Stefano Langone performs on Wednesday at the HP Pavilion in San Jose during the American Idol Summer Tour.

SAN JOSE – Let’s be clear about this upfront – for me the American Idol Summer Tour show I witnessed here last Wednesday wasn’t the greatest, but one of the highlights was Stefano Langone.

He’s not the greatest vocalist in the world, not the greatest dancer. What he is is full of energy. He almost makes you want to like him. All of which brings us back to a conversation I had with him earlier on Wednesday.

We were in an interview area in the bowels of HP Pavilion chatting away about the Summer Tour and the opportunities it had brought to him. I told him about my thoughts that this Tour wasn’t how it was always going to be for him and the other Idol finalists and that the past two Idol winners – Kris Allen and Lee DeWyze – had appeared in little, old Santa Rosa this past December to crowds of about 150 instead of the 12,000 he was going to be staring down that night. Basically Allen and DeWyze were, like so many before them, paying their dues.

Langone isn’t a big guy, maybe 5-foot-6 and he sports the scars on his arm from a head-on car accident with a drunk driver when he was a teenager. Actully I was lucky to have him standing there talking to me.

So, to my shock he proceeds to explain his position on Idols past and present. …

“There’s a different component to that (paying your dues at ultra-small venues),” Langone said. “That was then and this is now. That’s what makes this season so different. It’s what makes this group different from anybody else who has done the show. It has to do with timing, it has to do with who you know, it has to do with what you are going to do in the industry. What route you are going to go, what crowd and what people you are going to tap into. What area of music, what genre.

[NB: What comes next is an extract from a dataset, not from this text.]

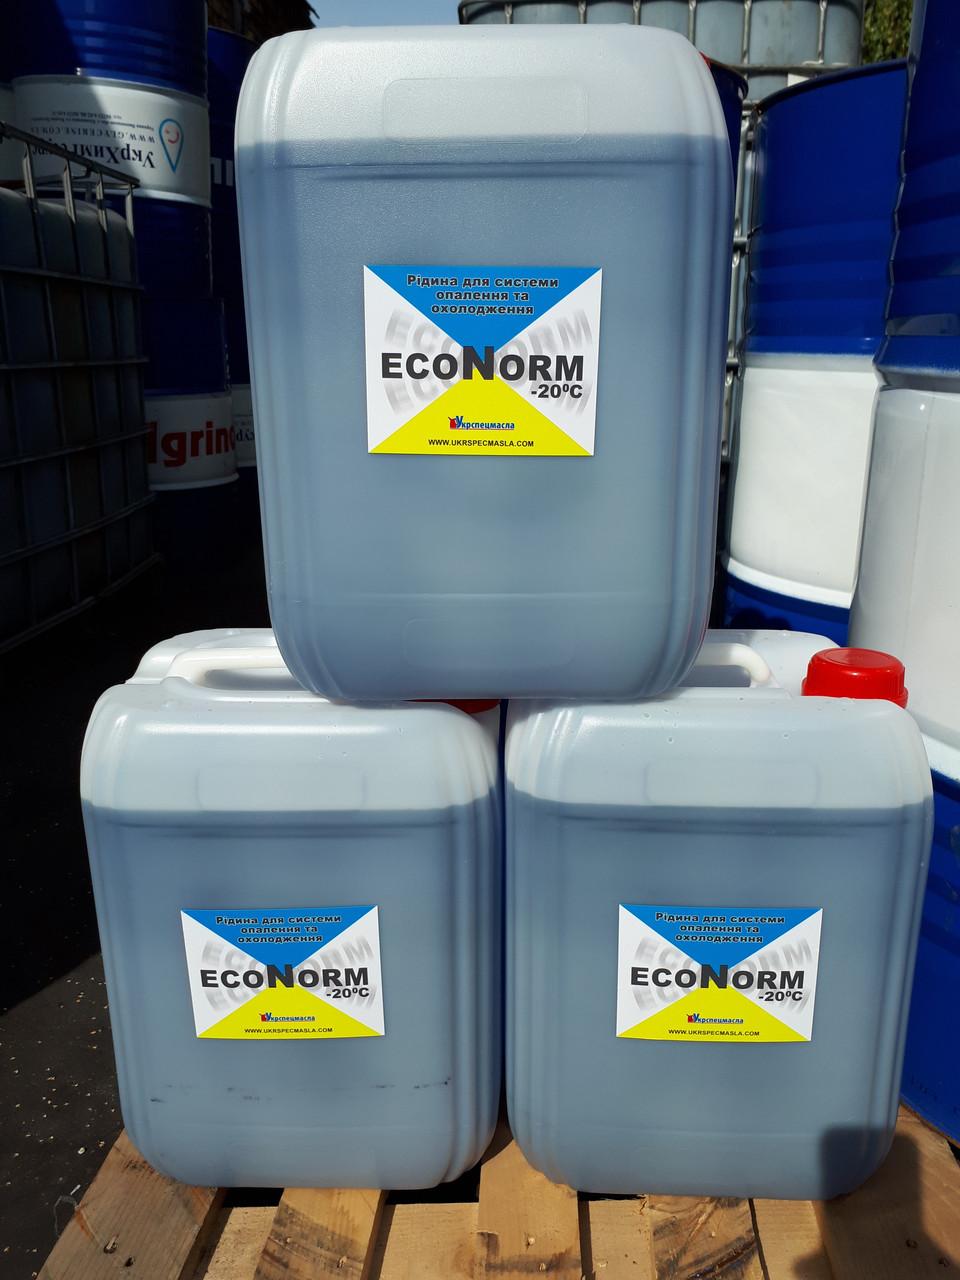 Теплоноситель для систем отопления Econorm -20C, бытовой антифриз Эконорм

“Right now I know the area I want to go into and what I have to deliver can work and will work in the industry. It’s all about timing and right now the timing is right. I got to meet with bands and the producers of Interscope, one of the hottest record labels in the world right now, I made great relationships with people who want to work with me, people who are writing for me already and (I’m) really using those things to become the artist that I want to become.

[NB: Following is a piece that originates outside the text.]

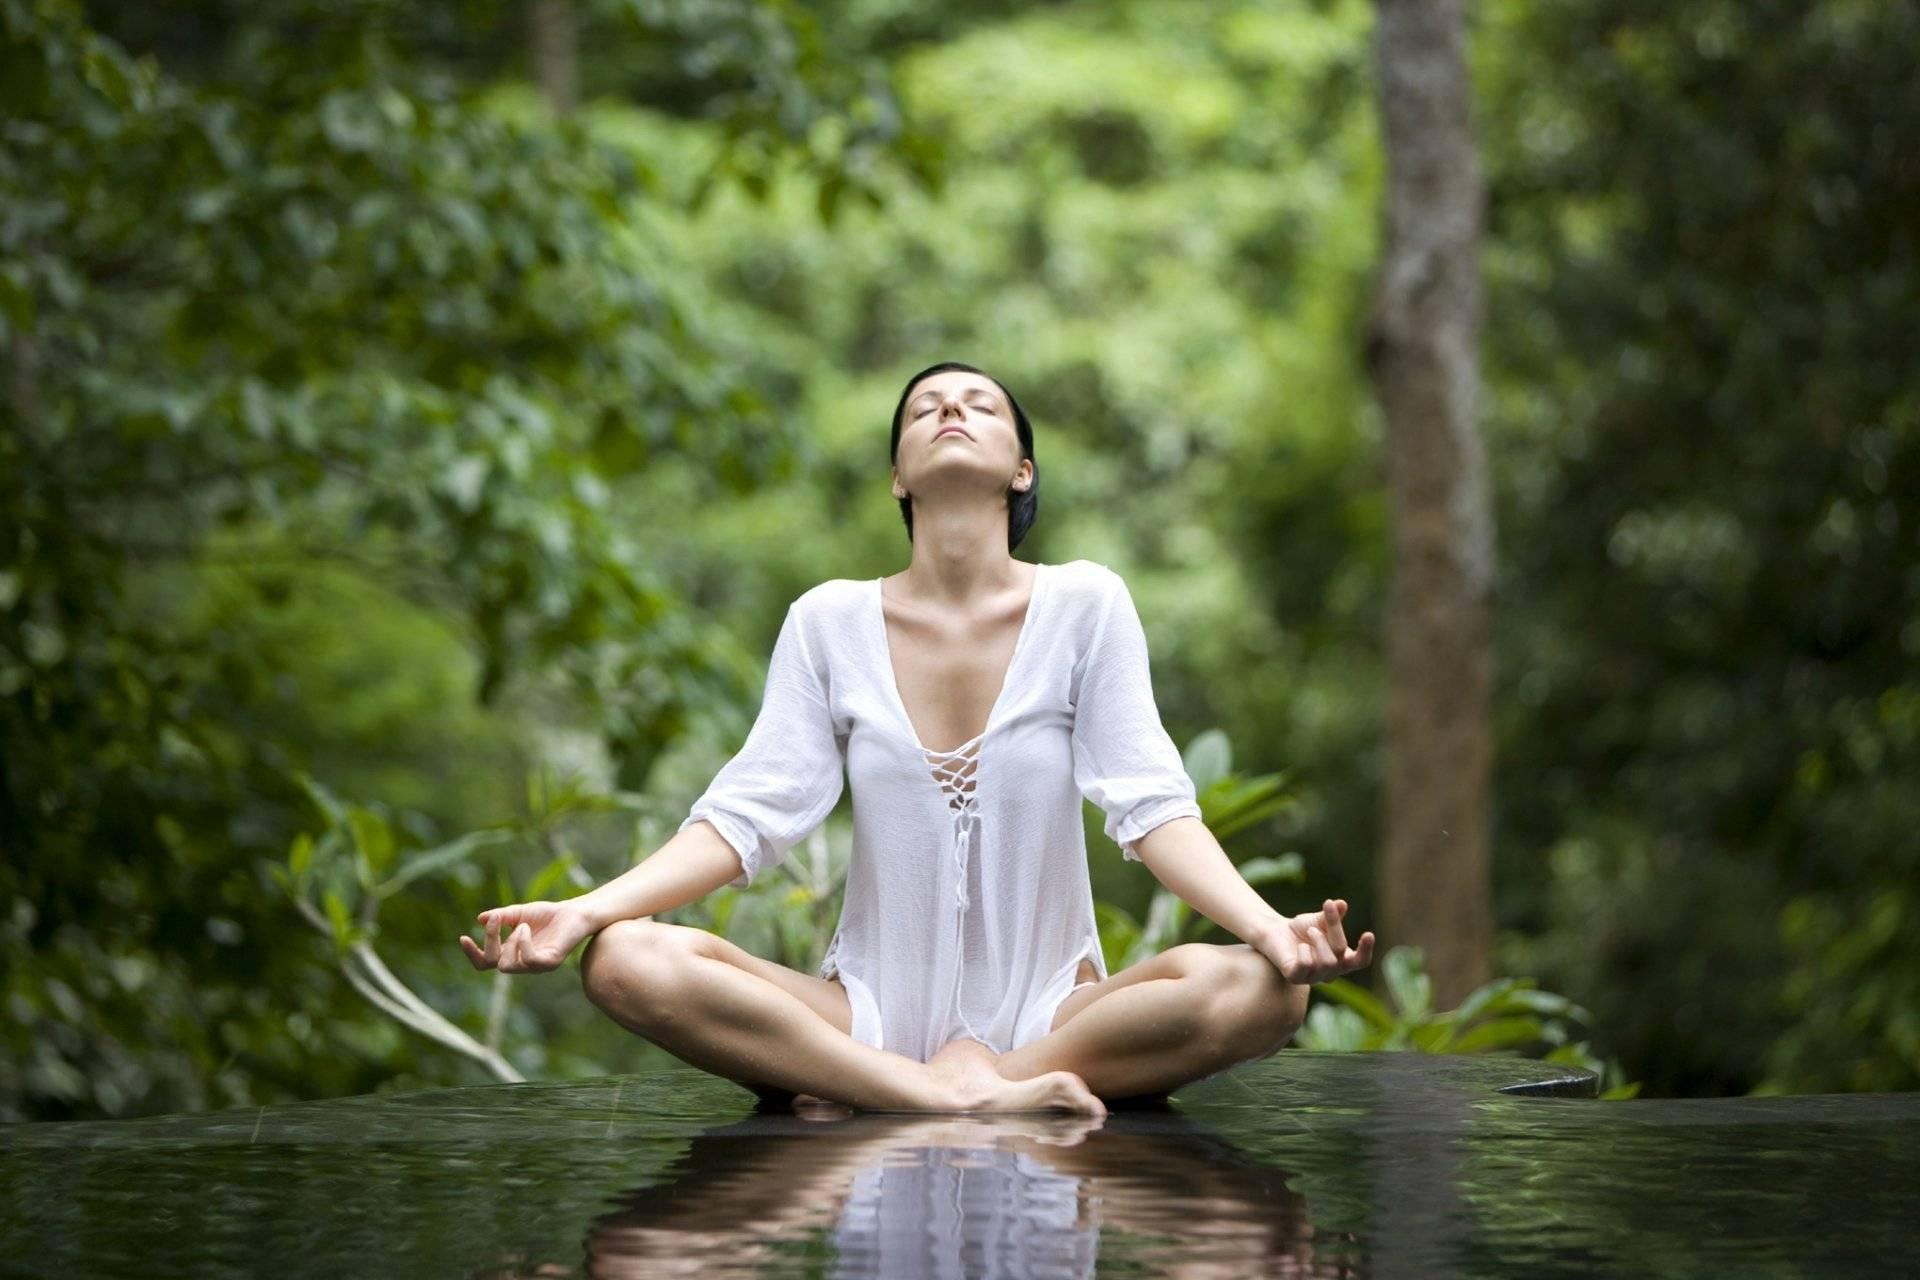 Медитация прощения как исцеляющая практика | oceanius.ru

“I didn’t do American Idol to be the (next) Lee DeWyze or …. Obviously that’s something that we are all here to not do.”

Well, now, all that caught me off-guard. Granted I am no music wizard, but I always thought there just wasn’t any other way to do it other than start from the bottom, begin at those small bars in Santa Rosa and wind up playing at Shoreline or Carnegie Hall or the Grand Ole Opry.

Maybe I’m wrong. Maybe you can start with a crowd of 12,000 watching and cheering for you at the Shark Tank and stay in that musical universe.

“The Tour is going great,” Langone admitted. “Is it what I expected? Performance-wise, crowd-wise, reaction-wise there are just so many things that come into it.

I mean before I did American Idol I was at home in my apartment with no cable, no internet with my keyboard writing songs and dreaming. And then a year later, exactly, I’m on a national tour.

“I mean it’s pretty incredible. Did I have any expectations? No. I mean I was just in it for the ride and it’s been absolutely great. So many things I am learning. It’s really draining. I had a vocal coach during the season at American Idol Star School who told me you take what you learn from there and I learned a helluva lot. I came a long way and in my opinion I think it made me a beast and I think it’s really cool to get to show that on stage and in my opinion get to be a strong performer, make some fans and prove some critics wrong.”

Mr. DeWyze won Season 9 of American Idol. He’s appeared at the Last Day Saloon in Santa Rosa.

Mr. Langone finished No. 7 in Season 10 of American Idol. And last Wednesday he sang “Grenade” superbly, danced very well and interacted with the audience all the way to the point where he took off his shirt and posed for a split-second for the cameras.

Time will tell who is on the fast-track to stardom.